Ms Ellen Davis, Group Industrial Relations Lead, St Vincent’s Health Australia, appeared for the Respondent.


[1] See ss.366(1)(b) and (2) of the Fair Work Act 2009 (Act).

[2] See Termination of Employment letter dated 9 March 2022.

[3] [2011] FWAFB 975.

[4] Ibid, at [13]-[15].

[5] Lombardo v Commonwealth of Australia as represented by the Department of Education, Employment and Workplace Relations [2014] FWCFB 2288, at [21].

[6] [2018] FWCFB 901.

[7] Ibid, at [17], [19], [38]-[39].

[8] Section 366(2)(a) of the Act.

[9] [2021] FWC 3903.

[10] Stogiannidis v Victorian Frozen Foods Distributors Pty Ltd[2018] FWCFB 901, at [39].

[11] Ibid, at [40].

[12] Nulty v Blue Star GroupPty Ltd , [2011] FWAFB 975, at [14] and [30].

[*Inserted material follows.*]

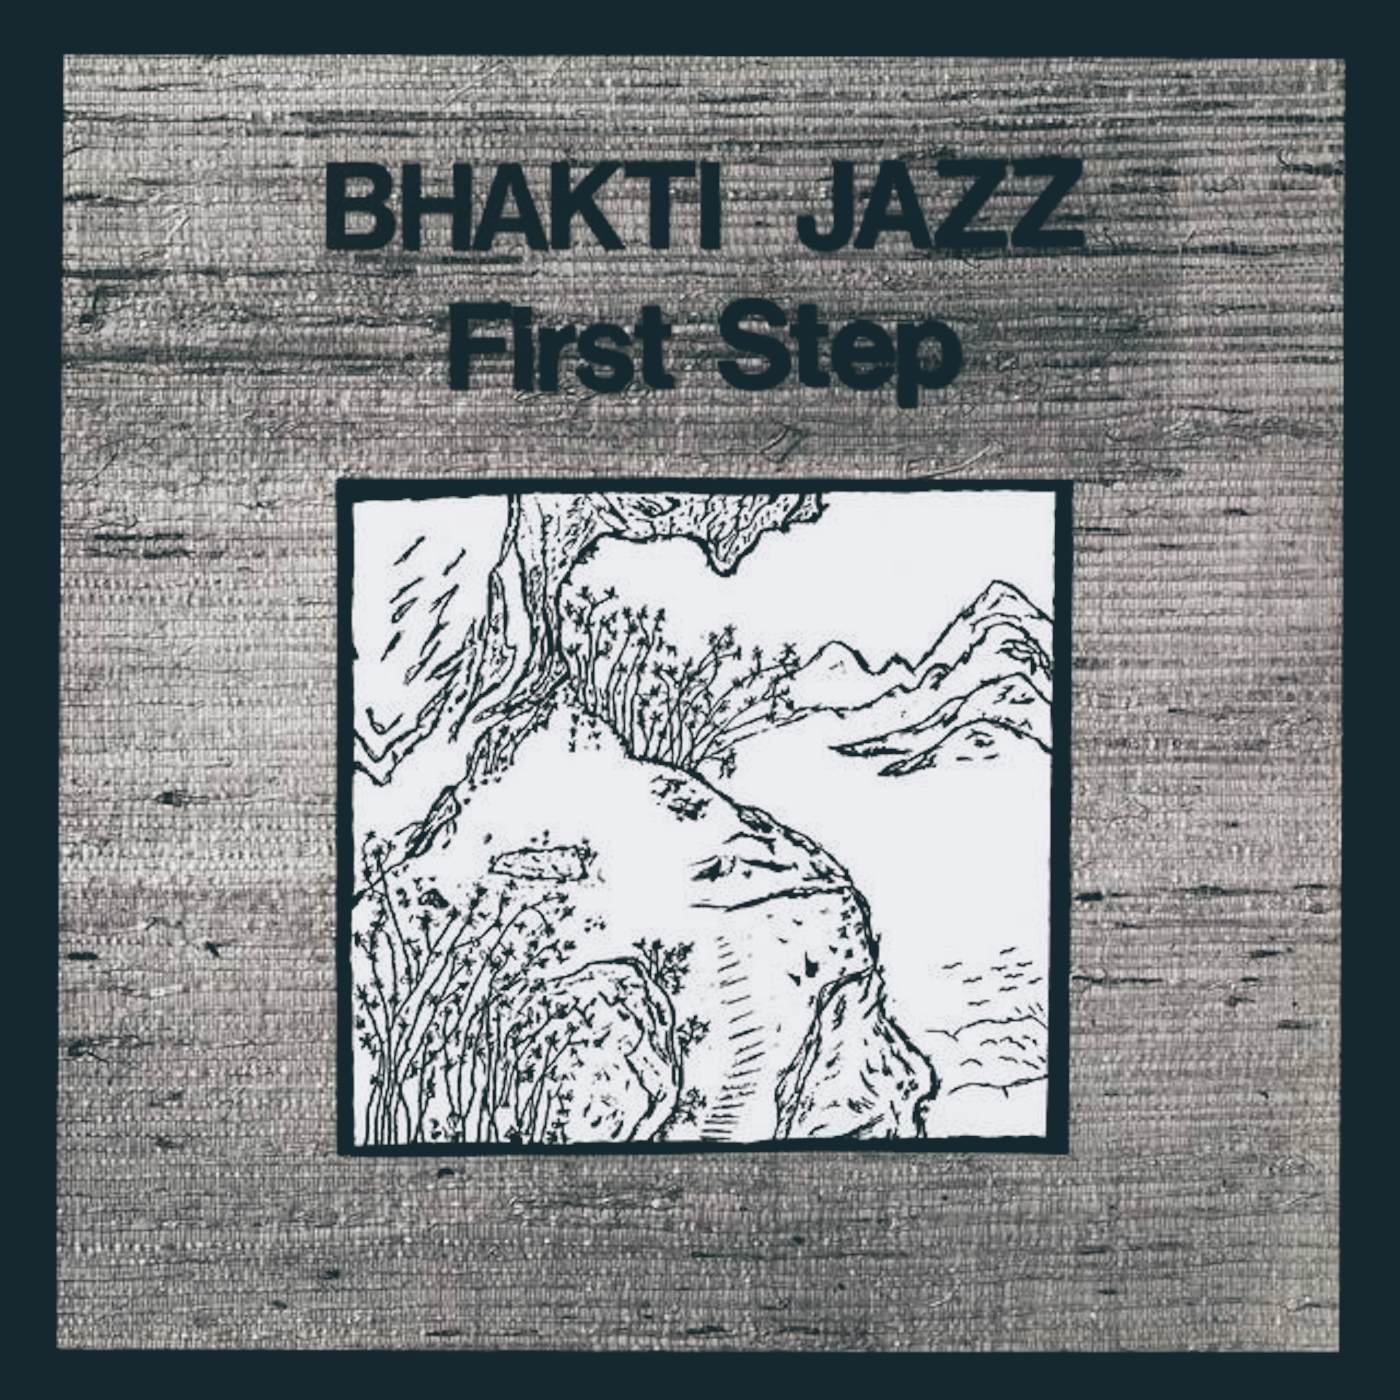 Bhakti Jazz

[13] [2021] FWC 3903, at ]19]-[25].

[14] See also, Donna Muir McMeeken v Action Industrial Catering Pty Ltd[2012] FWA 4035; Construction, Forestry, Mining and Energy Union v Crossy’s Crane Hire Pty Ltd (t/as Crossy’s Crane Hire)[2013] FWC 8866; Byrnes v Department of Broadband, Communications and Digital Economy[2012] FWA 7744.

[15] (1997) 74 IR 413.

[16] (1998) 105 IR 1.

[17] See: Officeworks Ltd v Parker[2014] FWCFB 5779, at [14]. See also: Long v Keolis Downer T/A Yarra Trams[2018] FWCFB 4109; Perry v Rio Tinto Shipping Pty Ltd[2016] FWCFB 6963; Lay v Bar's Leaks (Australia) Pty Ltd[2016] FWCFB 2647.

[18] Further, it cannot be said to be a responsibility or role of the HSU to refer the Applicant to the Fair Work Commission or the Fair Work Ombudsman.

[19] Section 366(2)(b) of the Act.

[20] Section 366(2)(c) of the Act.

[21] Section 366(2)(d) of the Act.

[22] (1995) 67 IR 298.

[23] Ibid at 299 to 300.

[24] Kornicki v Telstra-Network Technology Group Print PR3168, 22 July 1997 (Ross VP, Watson SDP, Gay C).

[25] [2010] FWA 2480.

[26] Ibid, at [23].

[27] Byron Stephen Gill v IFM Services Pty Ltd[2021] FWC 5962, at [33].

[28] Transcript, PN213-PN214.

[29] Section 366(2)(e) of the Act.

[30] Pitrau v Barrick Mining Services Pty Ltd[2012] FWA 8363; (2012) 255 IR 144, per McCarthy DP at 151-152, [37]; Perry v Rio Tinto Shipping[2016] FWCFB 6963, at [41];

[31] See Stogiannidis v Victorian Frozen Food Distributors Pty Ltd T/A Richmond Oysters[2018] FWCFB 901.